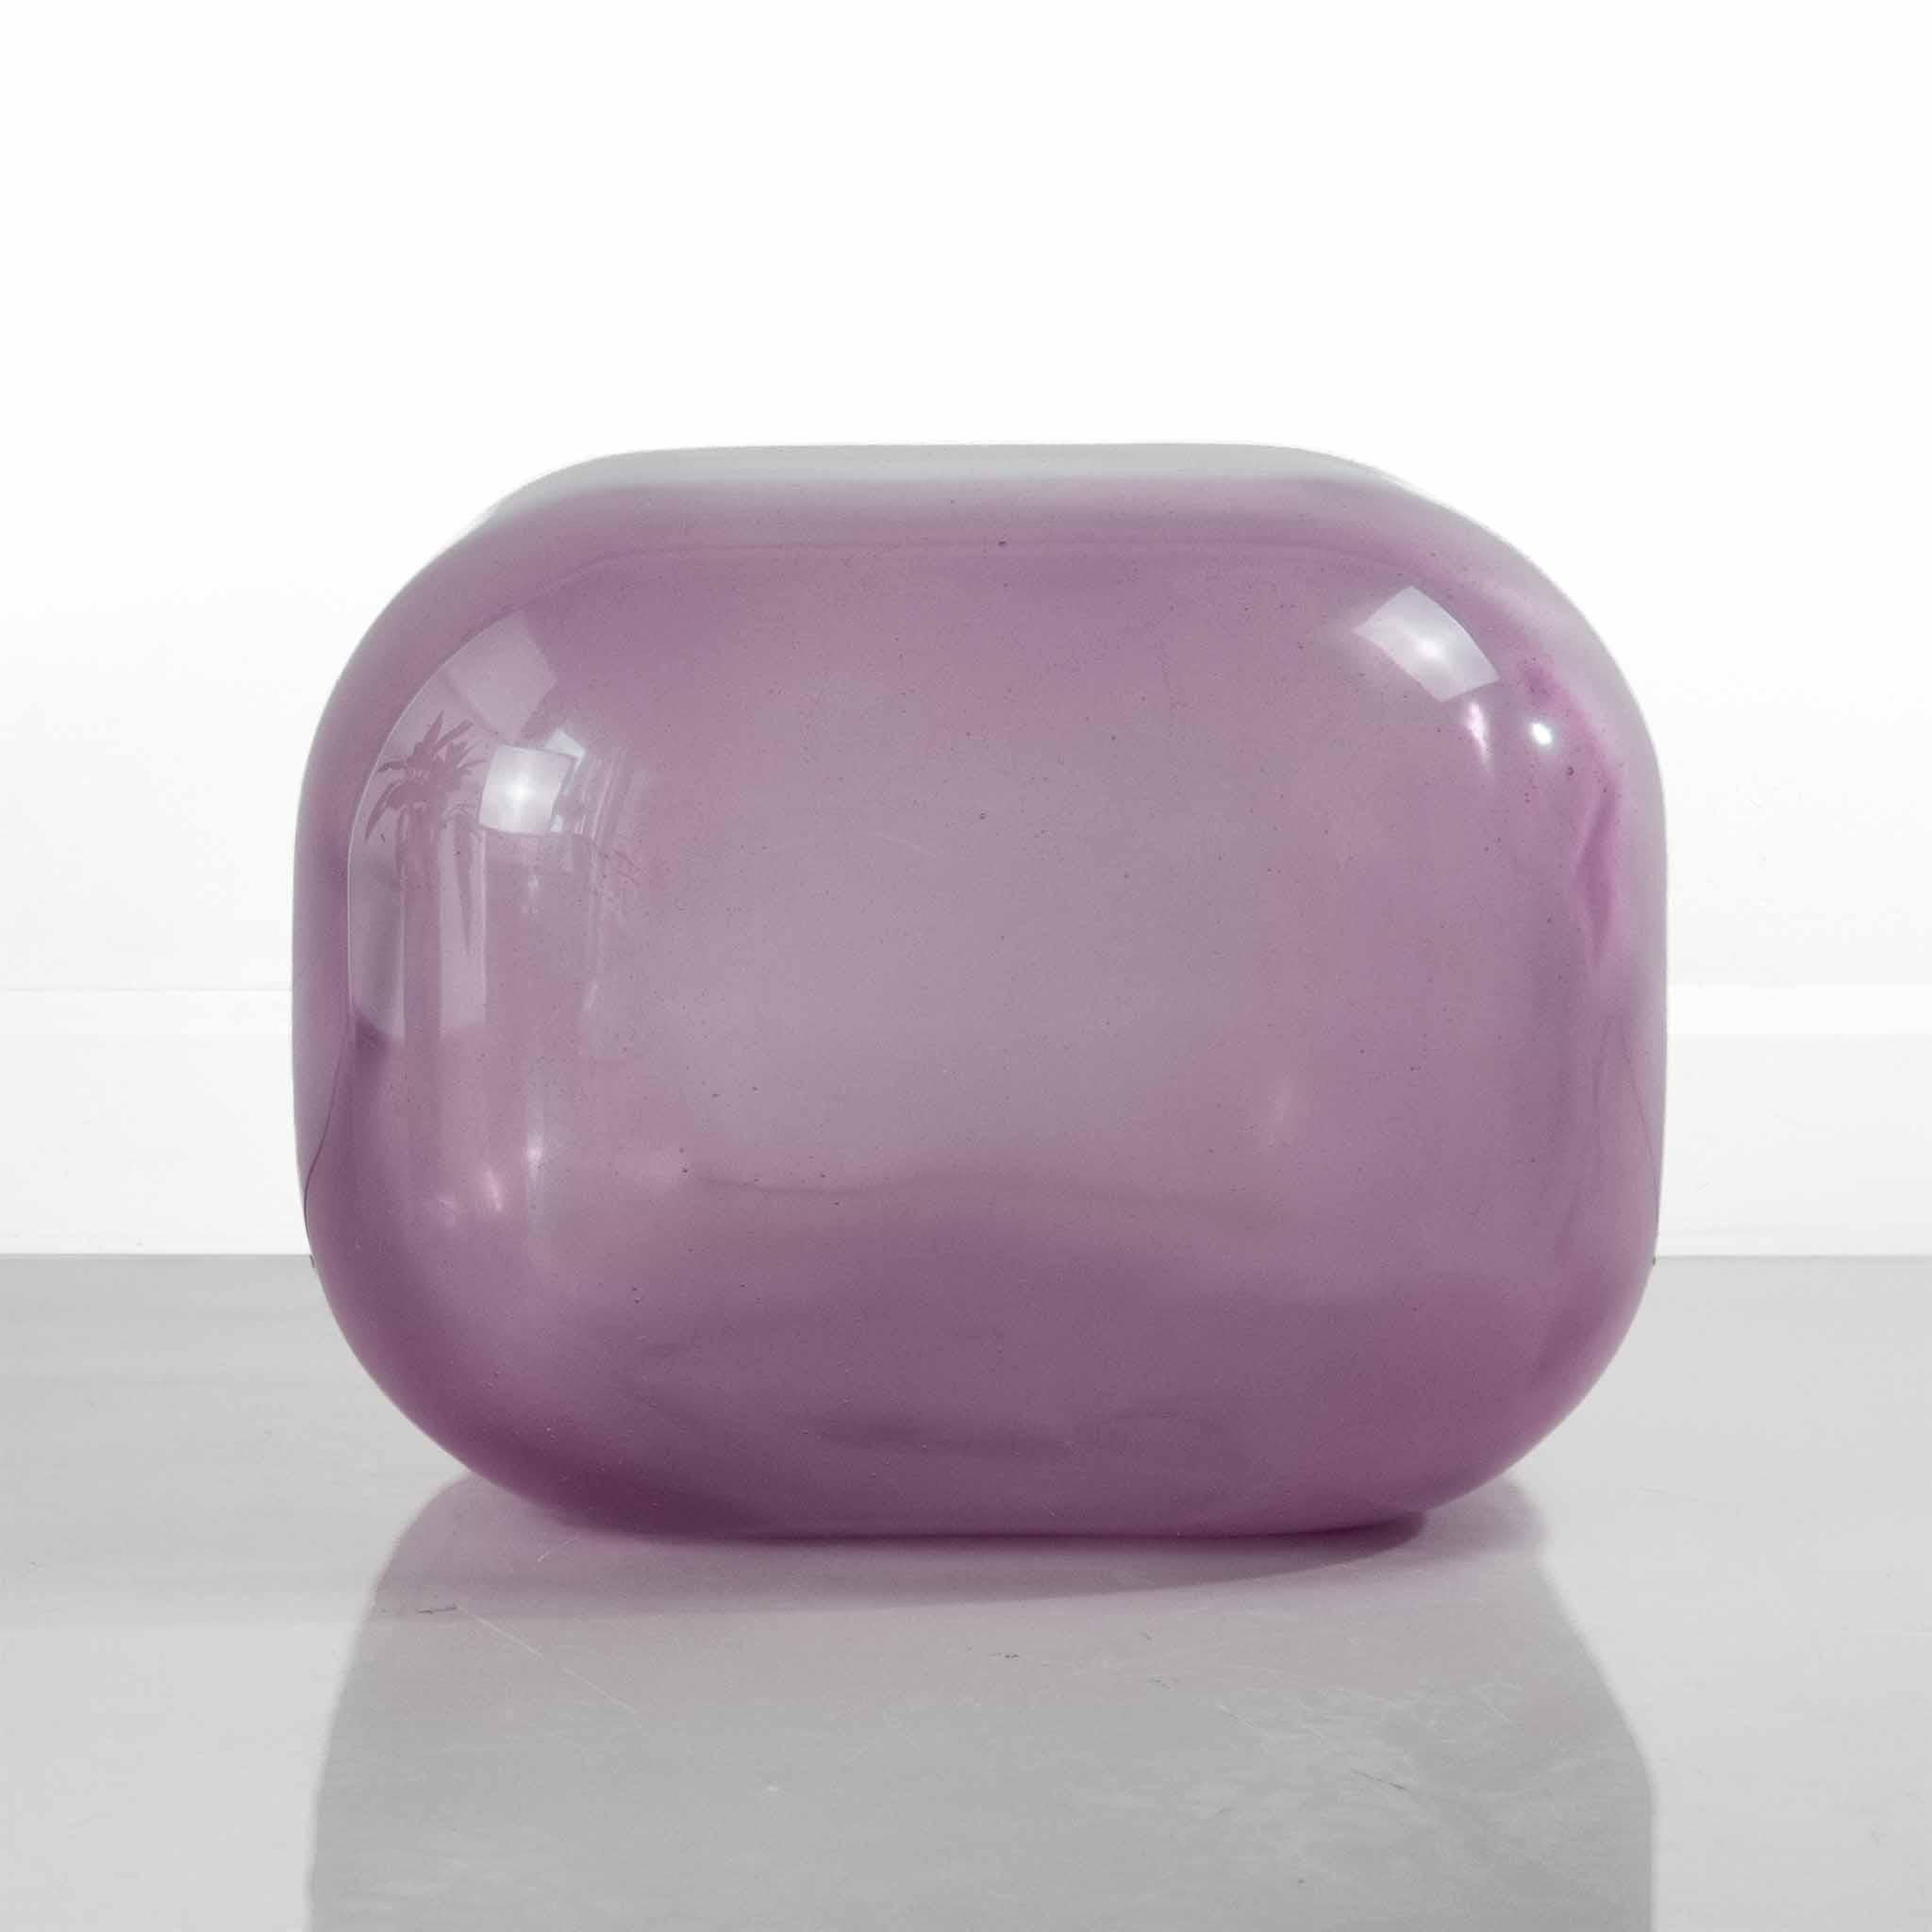 Lilac oort resin side table by Creators Of Objects.
Materials: Resin, pigment
DImensions: W 51 x D 51 x H 40 cm
Also available: Tourmaline, bordeaux, spice, ochre, forest, ocean, twilight, rock, lilac, cerise, coral spice, honey, moss, surf, eve,
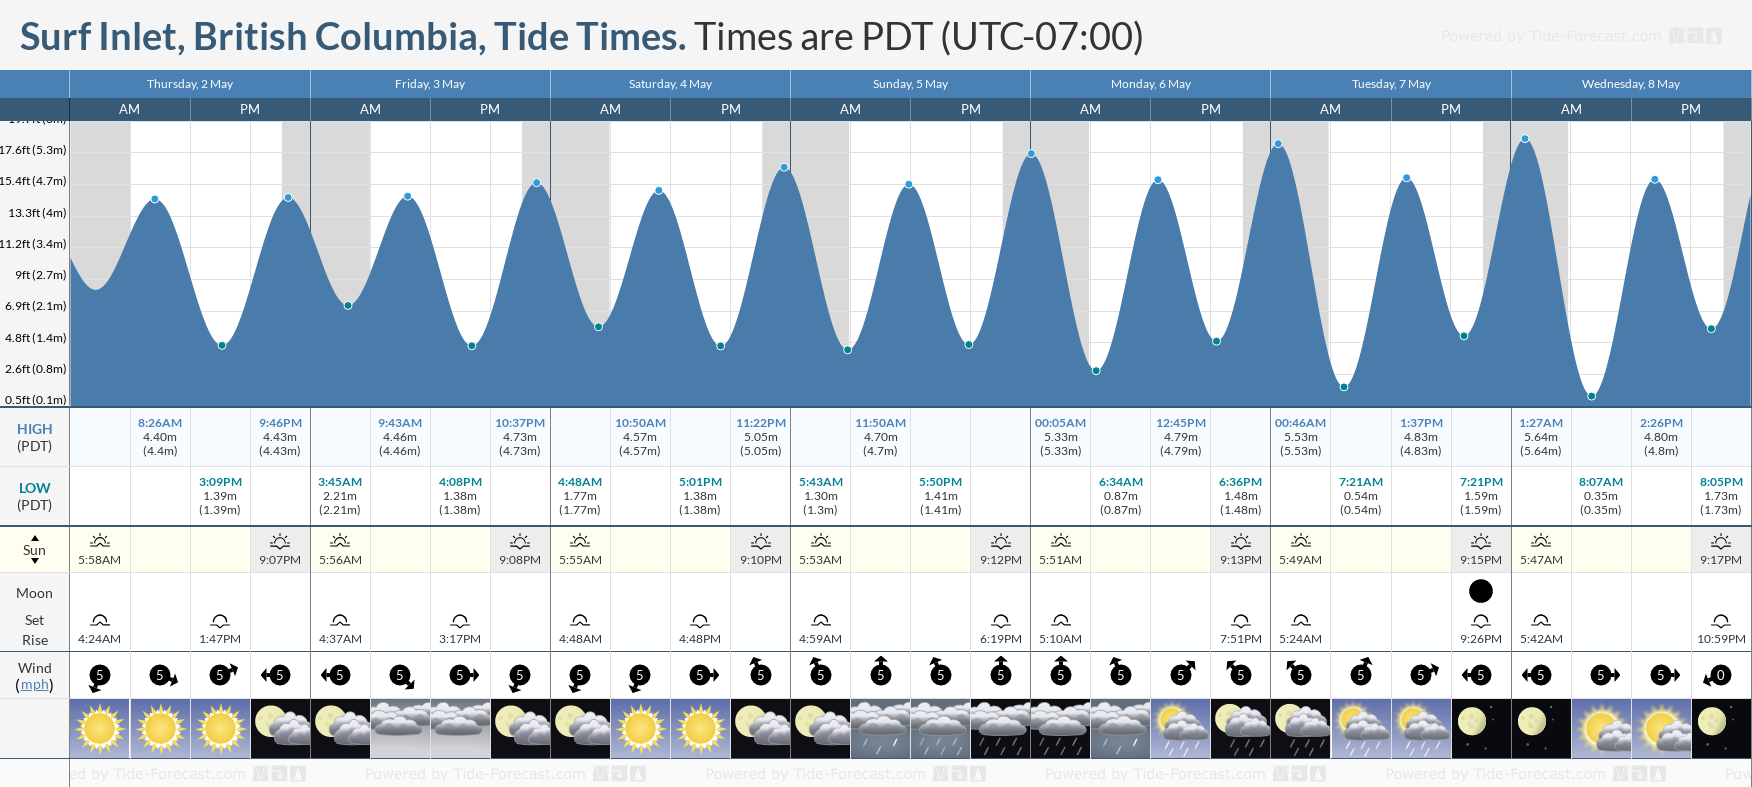 Surf Inlet, British Columbia Tide Chart including high and low tide tide times for the next 7 days
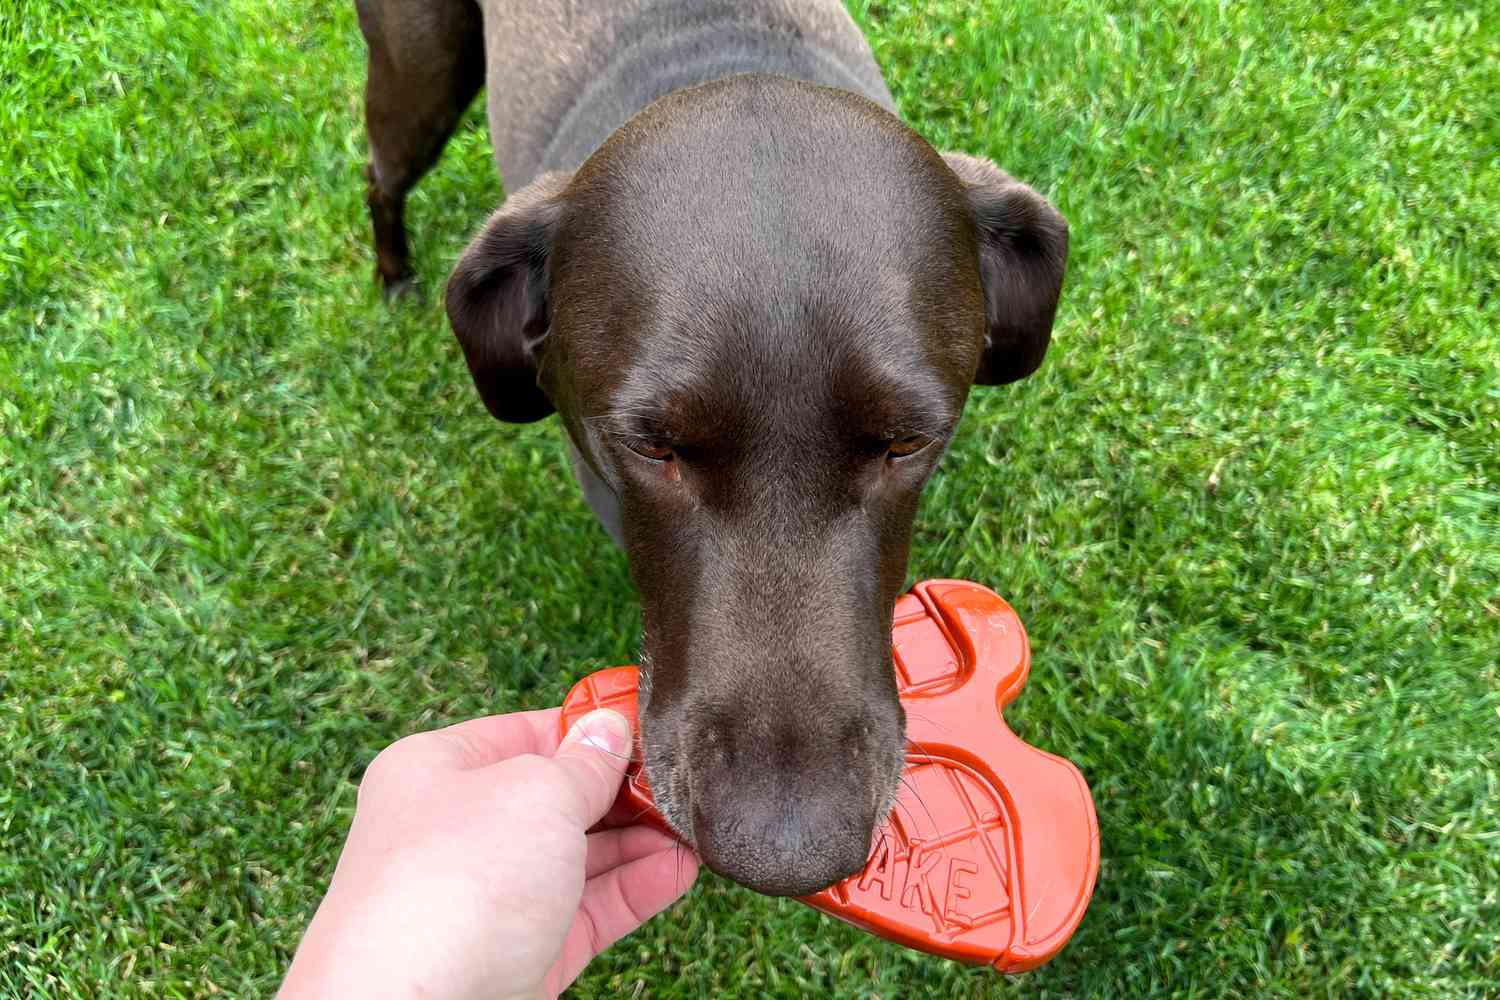 Dog taking Bullymake Steak Dog Toy from person
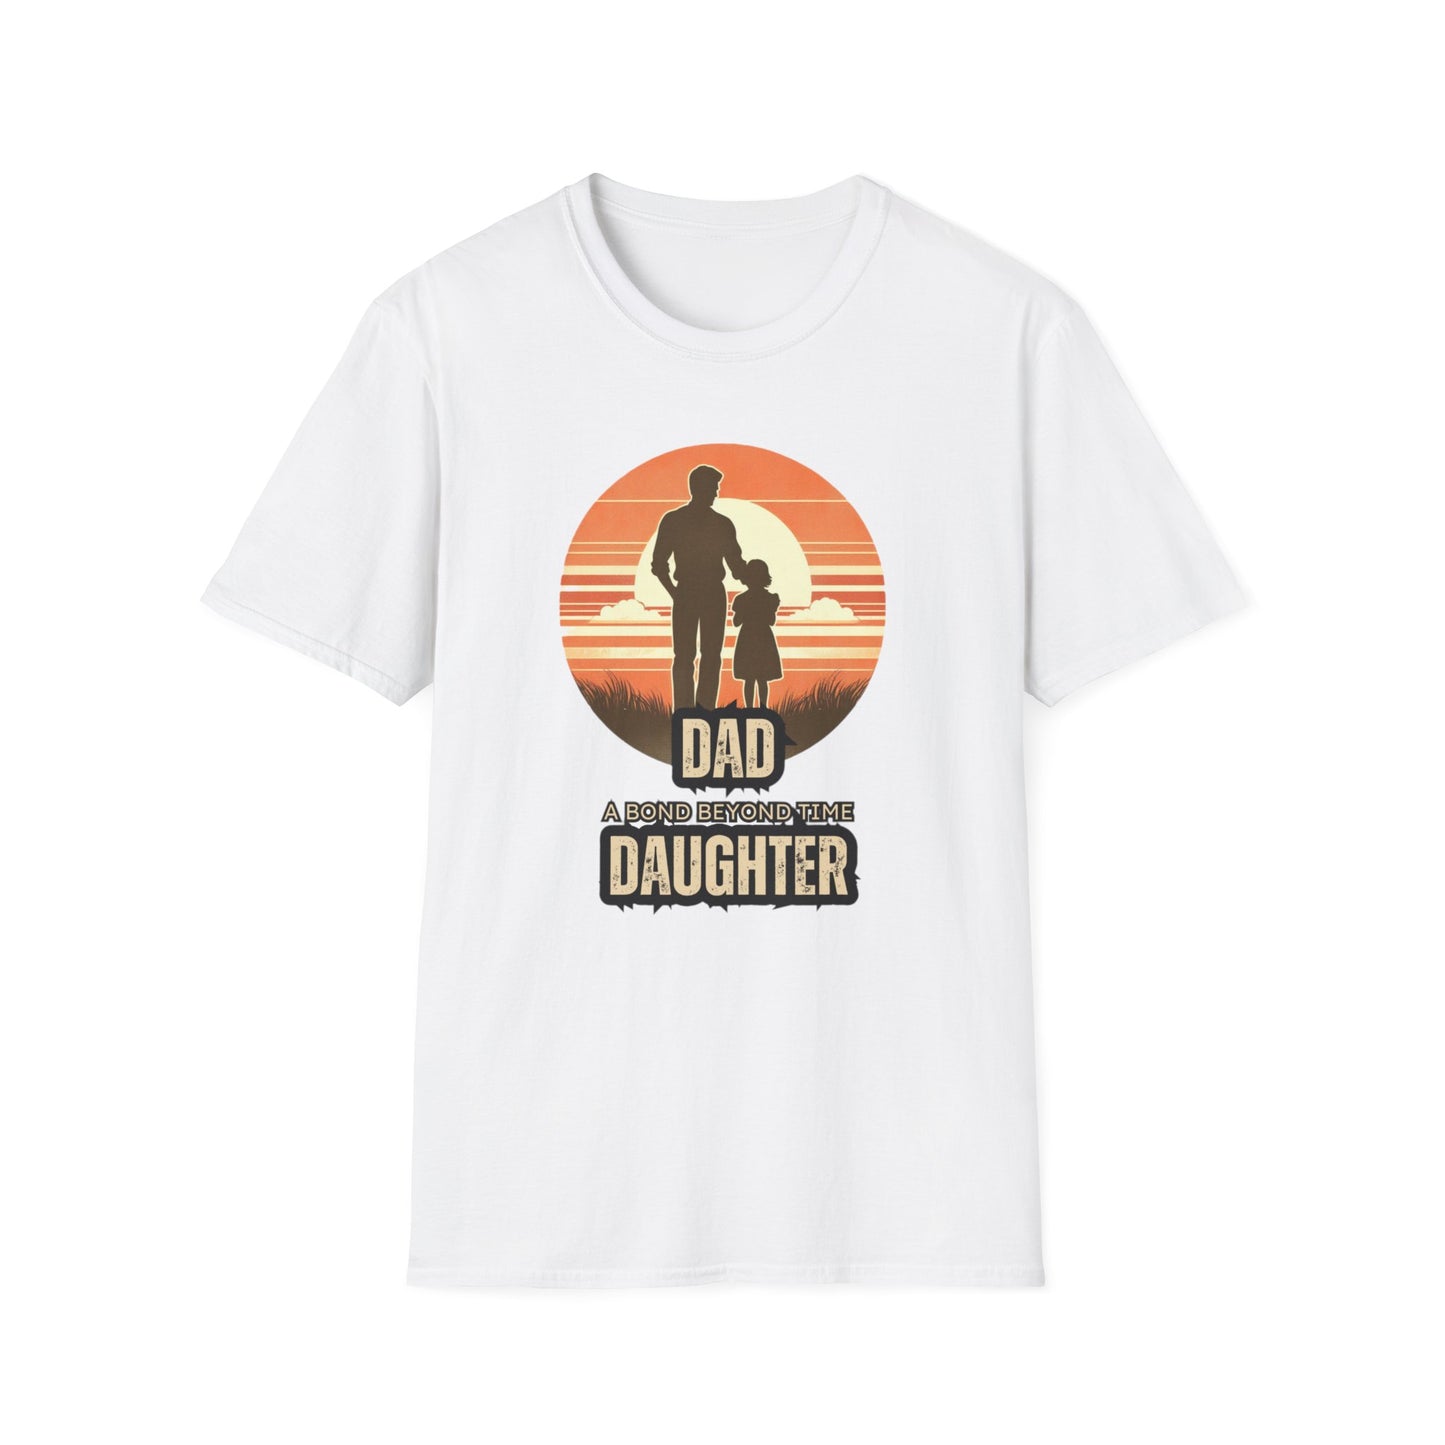 Dad & Daughter: A Bond Beyond Time - Vintage Unisex Softstyle Tee for Father's Day, Birthday, Anniversary and Christmas Gift.

- Problem
Reproduce the data above verbatim, minus any images.

- Solution
 Lilac oort resin side table by Creators Of Objects.
Materials: Resin, pigment
DImensions: W 51 x D 51 x H 40 cm
Also available: Tourmaline, bordeaux, spice, ochre, forest, ocean, twilight, rock, lilac, cerise, coral spice, honey, moss, surf, eve,
 Surf Inlet, British Columbia Tide Chart including high and low tide tide times for the next 7 days
 Dog taking Bullymake Steak Dog Toy from person
 Dad & Daughter: A Bond Beyond Time - Vintage Unisex Softstyle Tee for Father's Day, Birthday, Anniversary and Christmas Gift.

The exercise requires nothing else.